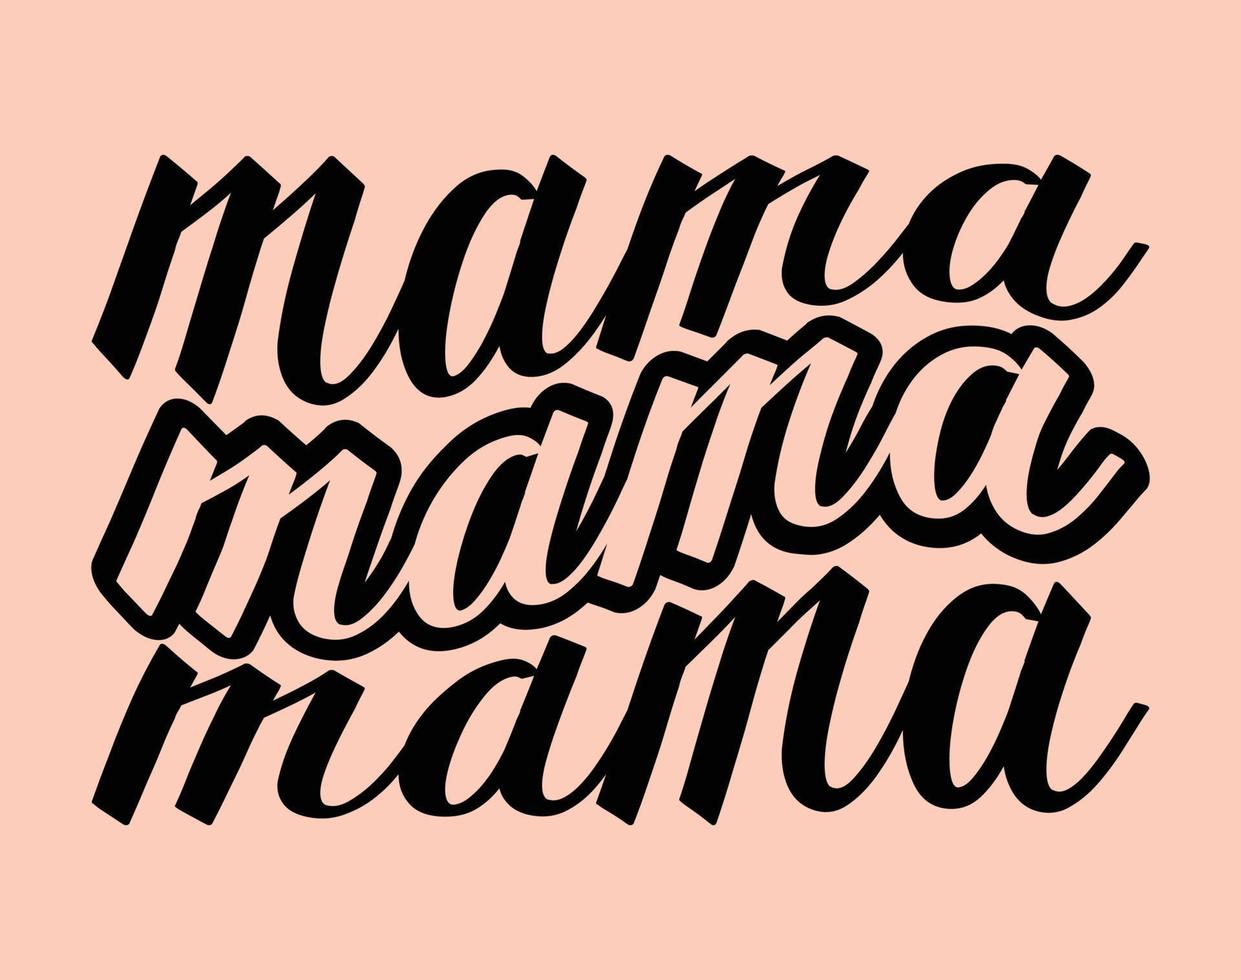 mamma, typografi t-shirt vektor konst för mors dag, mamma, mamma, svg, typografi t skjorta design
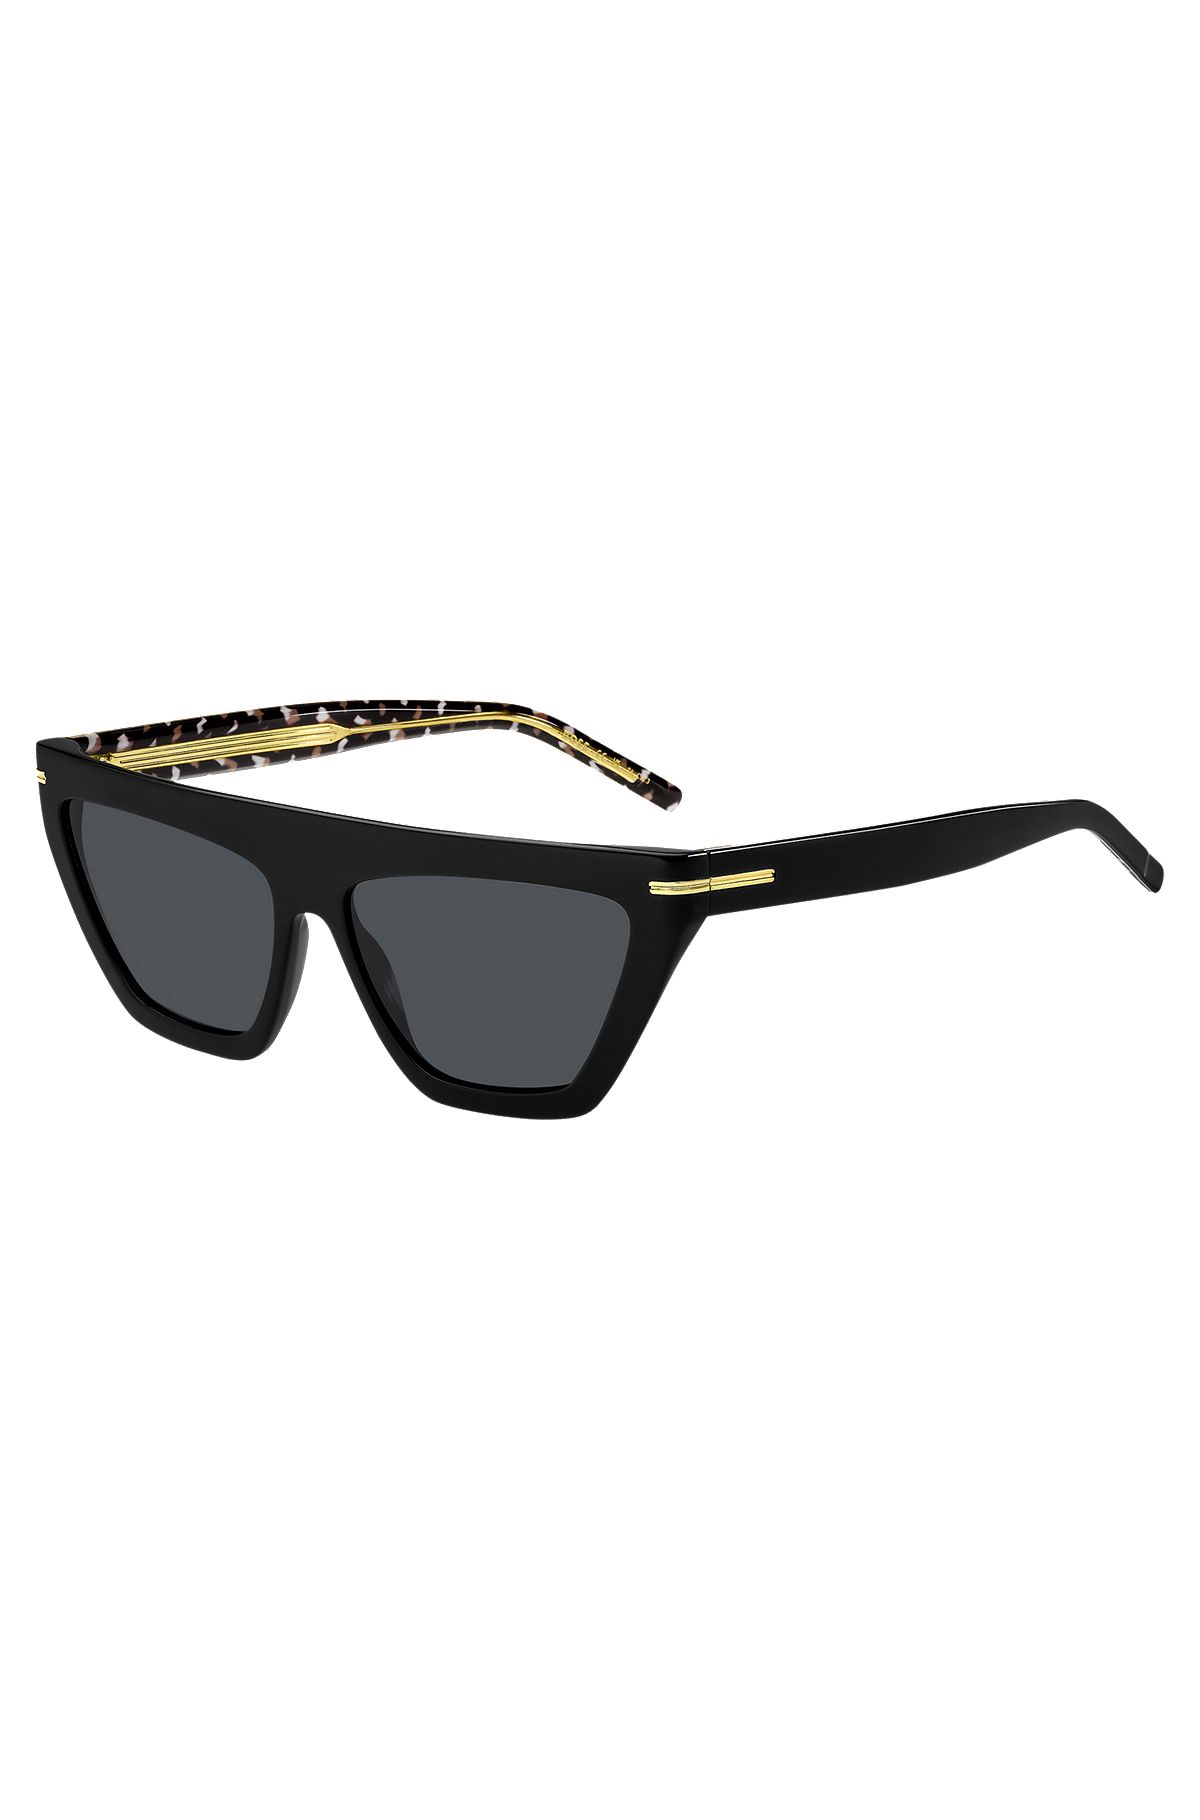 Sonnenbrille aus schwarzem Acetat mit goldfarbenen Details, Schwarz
* * *
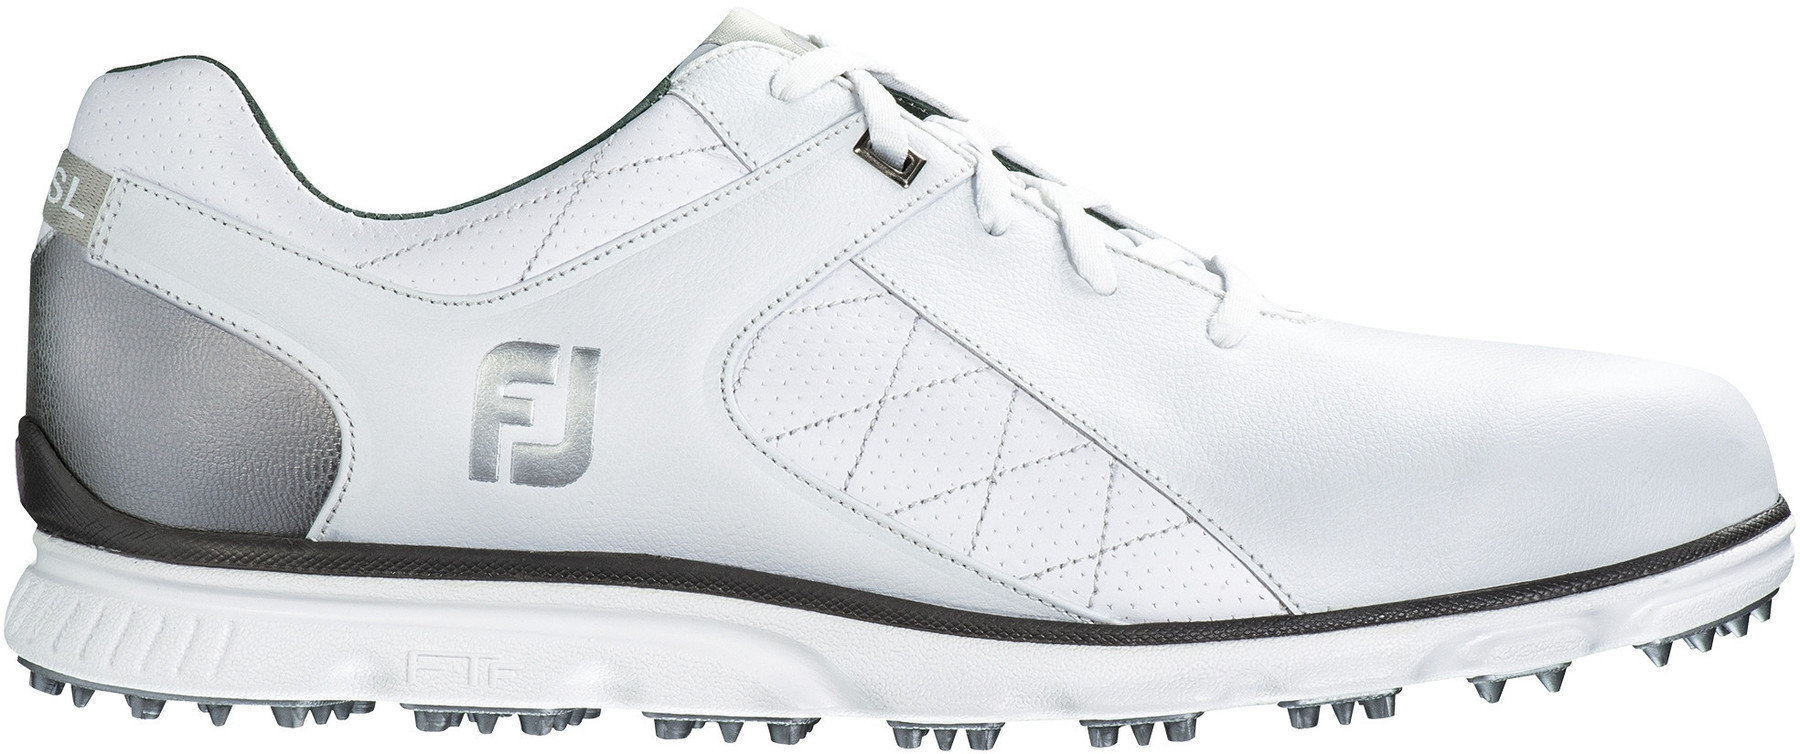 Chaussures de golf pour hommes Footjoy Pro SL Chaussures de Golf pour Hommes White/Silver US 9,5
---
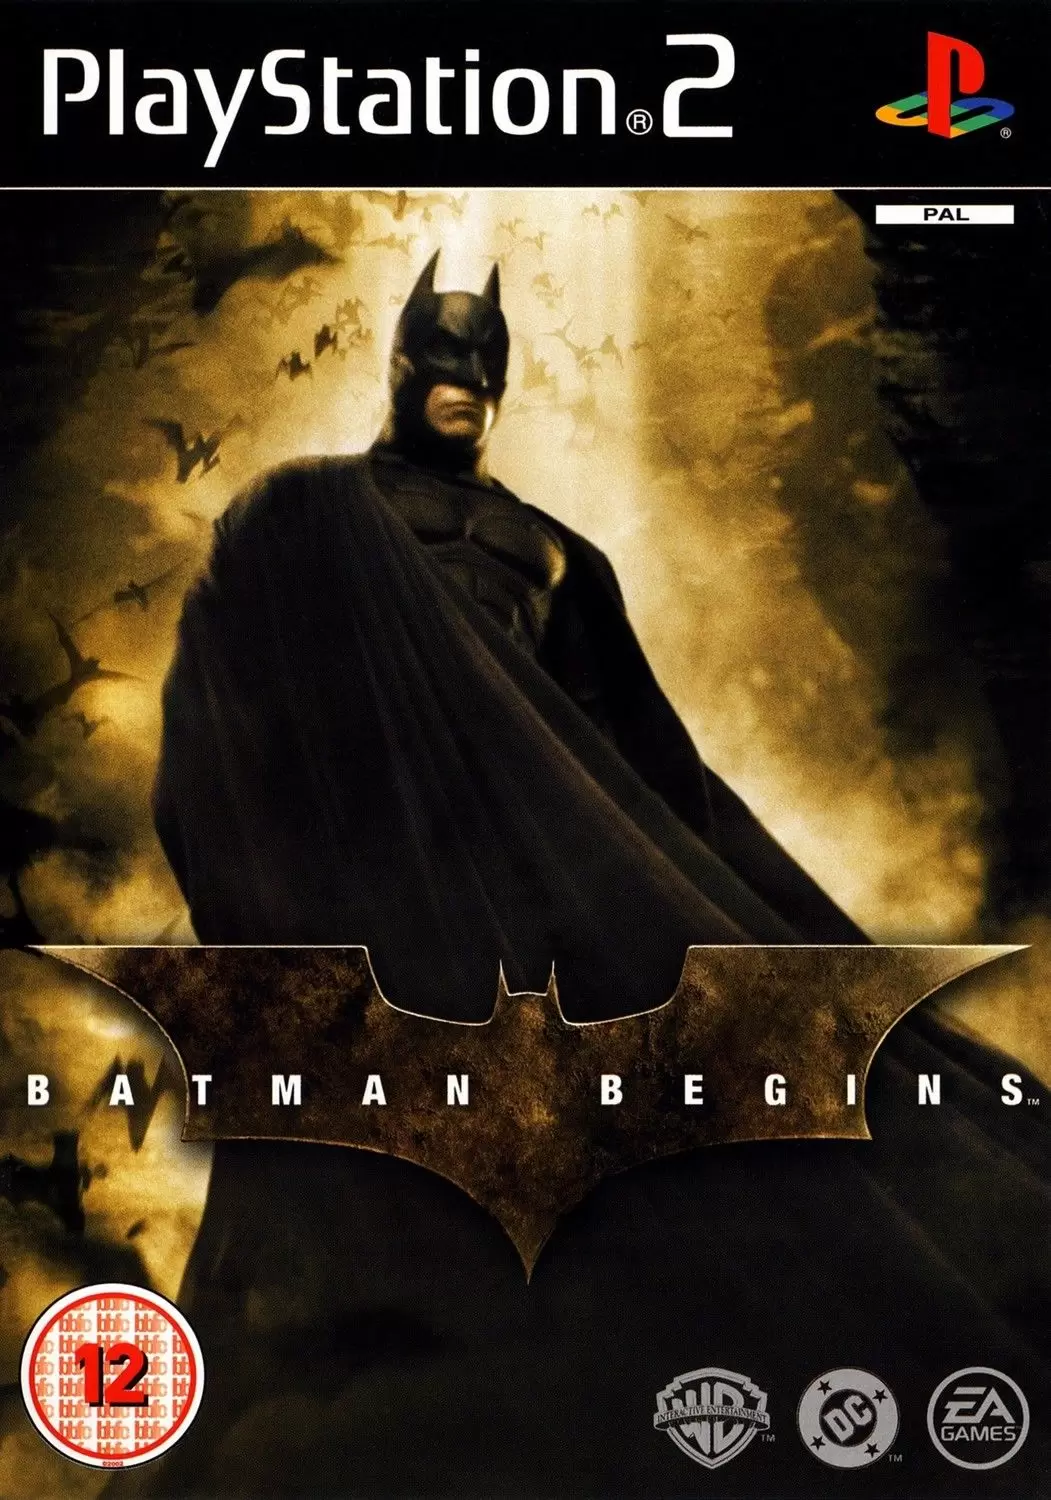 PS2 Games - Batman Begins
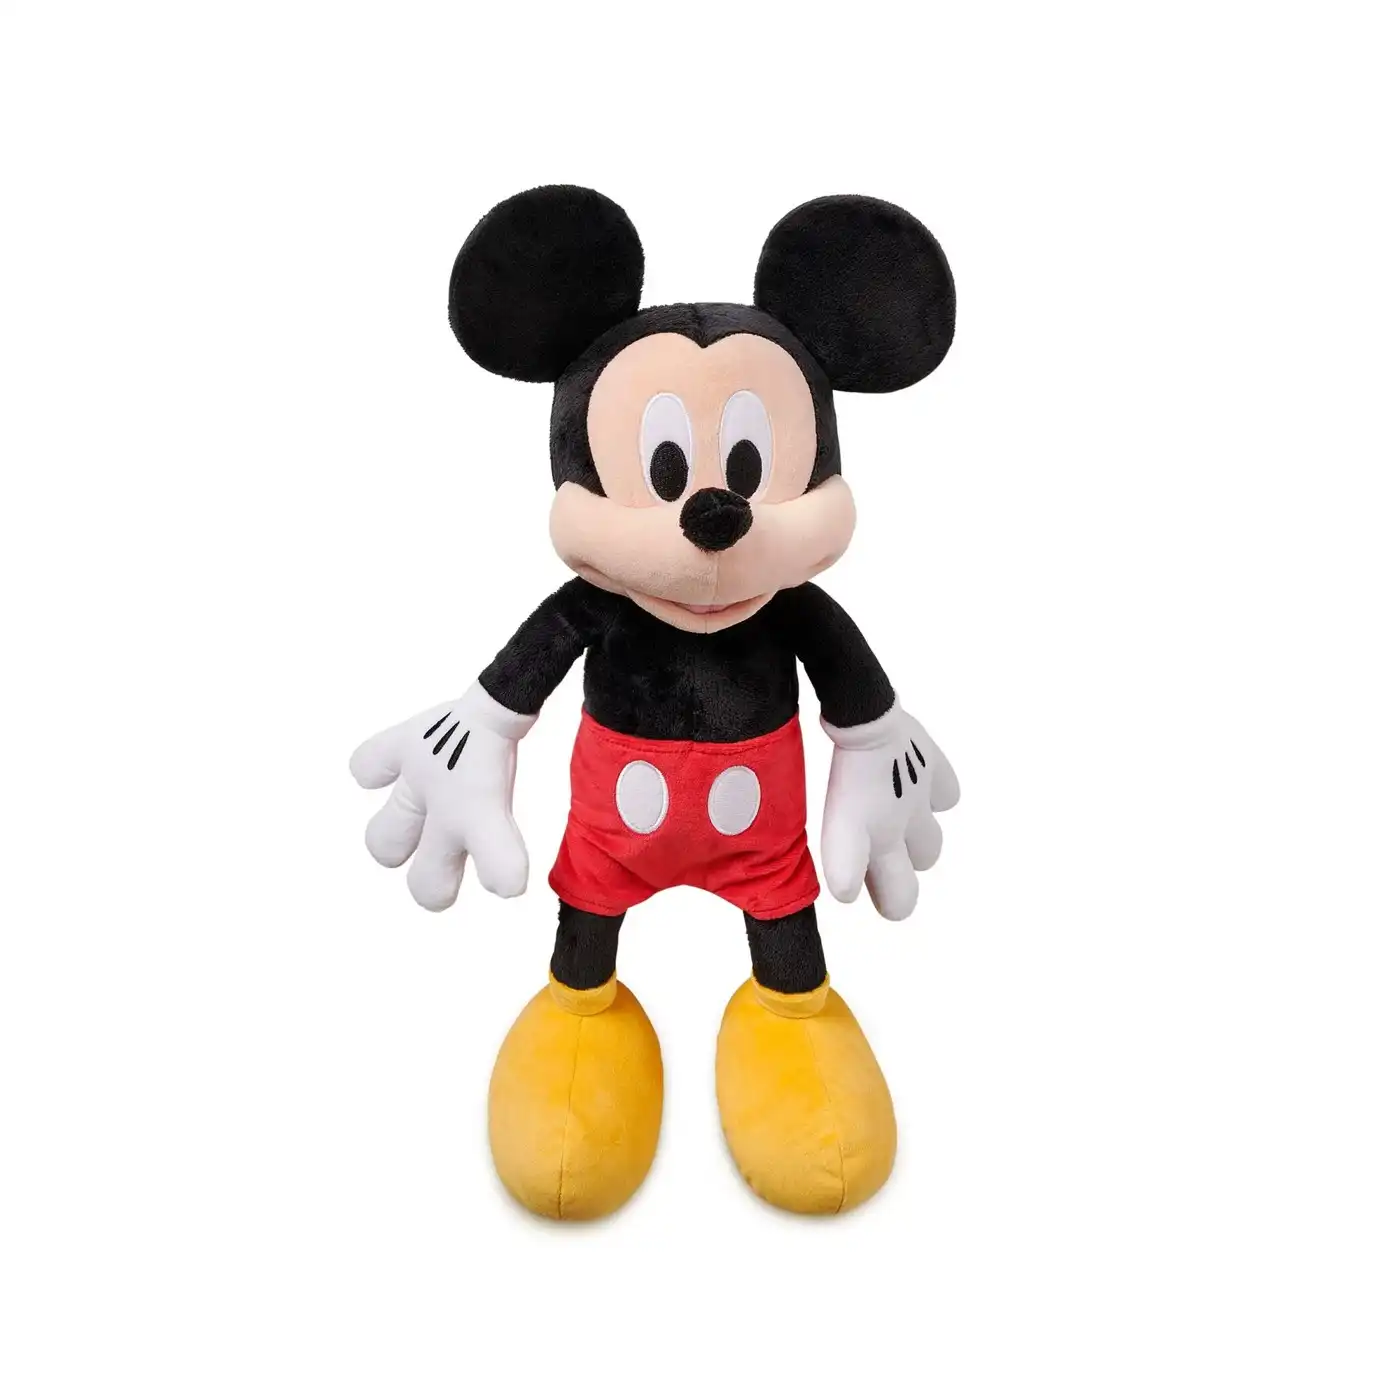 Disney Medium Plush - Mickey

• _Activity_
Copy word for word the lines above, starting at the line containing "mamma, typografi t-shirt" and ending at the line containing "Sonnenbrille aus schwarzem", inclusive, with no pictures.

• _Solution to this task_
 mamma, typografi t-shirt vektor konst för mors dag, mamma, mamma, svg, typografi t skjorta design
 Sonnenbrille aus schwarzem Acetat mit goldfarbenen Details, Schwarz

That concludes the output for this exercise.